Opera on atomic bomb focus of panel
BY LISA TREI
A discussion of Doctor Atomic, the new San Francisco Opera production about J. Robert Oppenheimer and the making of the atomic bomb, will take place Wednesday, Oct. 12, from 4:15 to 6 p.m. in Bechtel Conference Center in Encina Hall.
The seminar, which is free and open to the public, is being held in observance of the 60th anniversary of the first testing of the atomic bomb and the world premier of composer John Adams' opera that runs through Oct. 22 at the War Memorial Opera House. Director Peter Sellars wrote the libretto, which draws in part on contemporary documents, memoirs and historical studies. It is Adams and Sellars' third operatic collaboration, and similar to Nixon in China (1987) and The Death of Leon Klinghoffer (1991), it touches on events that resonate in living memory.
Panelists at Stanford include David Holloway, the Raymond A. Spruance Professor of International History; American history Professor Barton J. Bernstein; filmmaker Jon Else, who in 1981 made The Day After Trinity, a documentary about Oppenheimer and the bomb; and Stanford alumnus Kip Cranna, musical administrator for the San Francisco Opera.
According to Holloway, the opera's title is slightly misleading because the storyline is more about the bomb than about Oppenheimer, the physicist who presided over the Manhattan Project and the birth of the nuclear age.
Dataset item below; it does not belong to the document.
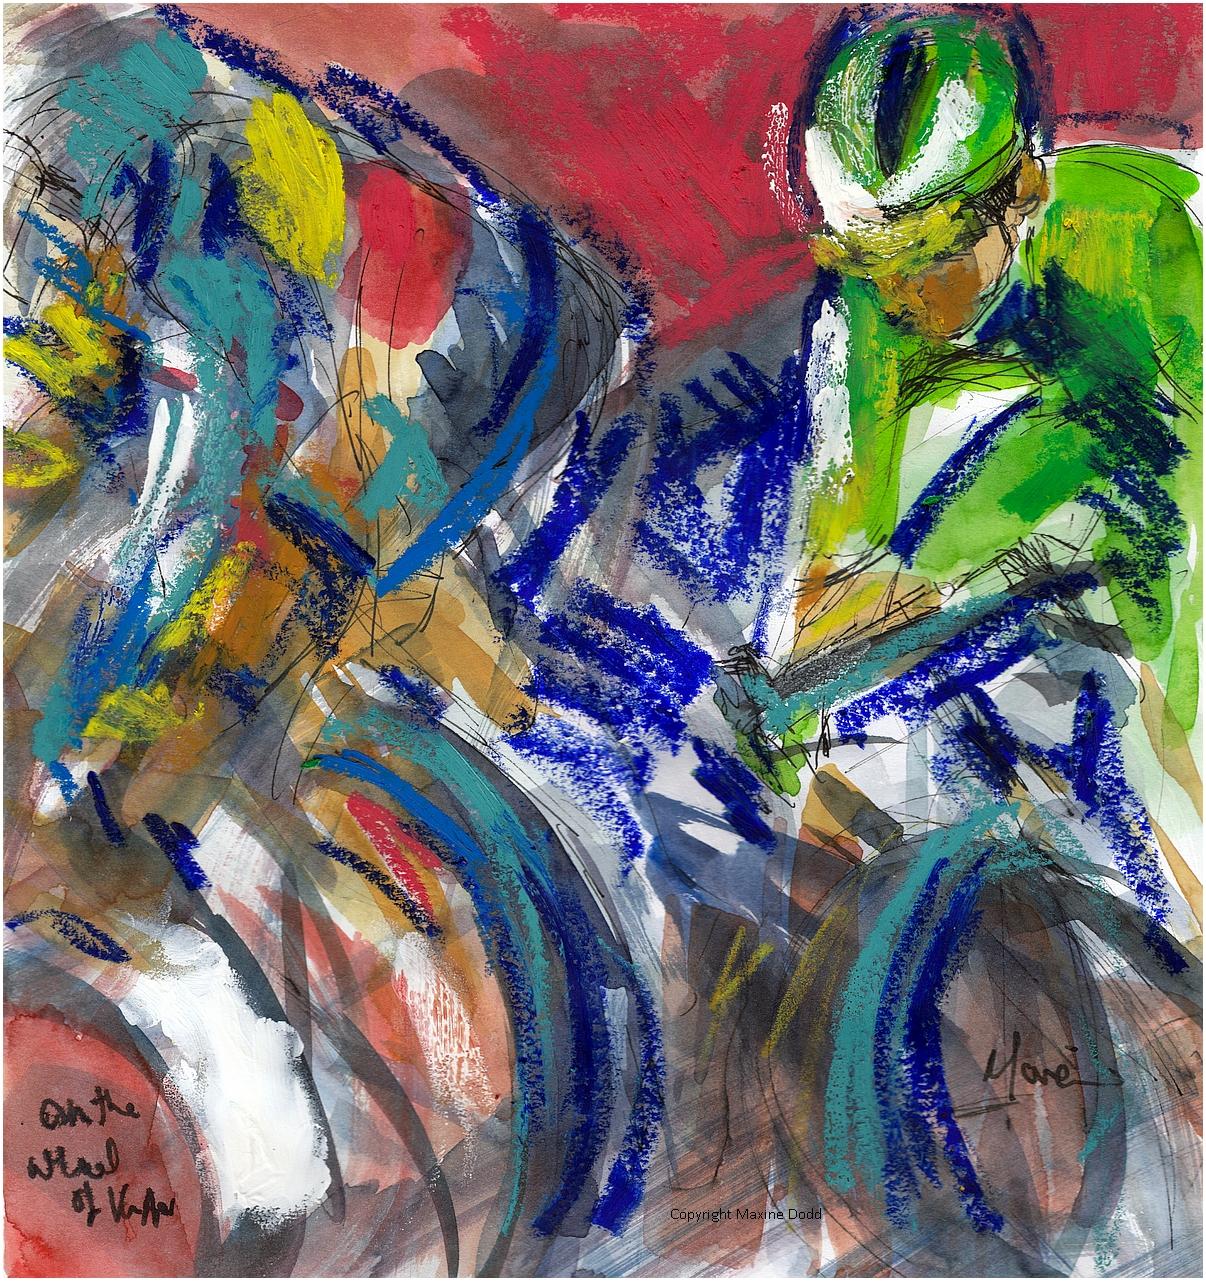 Tour de France 2021 - Stage 21 - On Wout's wheels, original watercolour by Maxine Dodd

The opera takes place in the tense hours before the first atomic bomb test on July 16, 1945, at a site that Oppenheimer named Trinity after a John Donne sonnet. Oppenheimer's charismatic character is not explored in depth—he is not portrayed as a hero but as a deeply conflicted man who has suppressed part of his humanity to carry out the task of building the bomb, Holloway explained.
One of the questions the seminar will address is what opera can do to add to society's understanding of such a "hugely significant" event, Holloway said. Through a combination of music, words, dance and visual settings, "Opera can make a deeper impact than any other art form," he said. "We don't expect it to be history, but it brings home the sheer awfulness and awesomeness of the bomb." It also provides a jolt to society's somewhat jaded consciousness of the nuclear danger, Holloway noted in an upcoming review for the British journal Physics World.
Bernstein, who was interviewed before he saw the opera, was more critical of Doctor Atomic. "The concept of making an opera out of recent history is flawed," he said. "The [creators] will claim artistic freedom, but they want to use real names. I'm going to contend it's a flawed operation and intellectually irresponsible." Bernstein is editor of The Atomic Bomb and has written extensively about the Truman administration and nuclear history.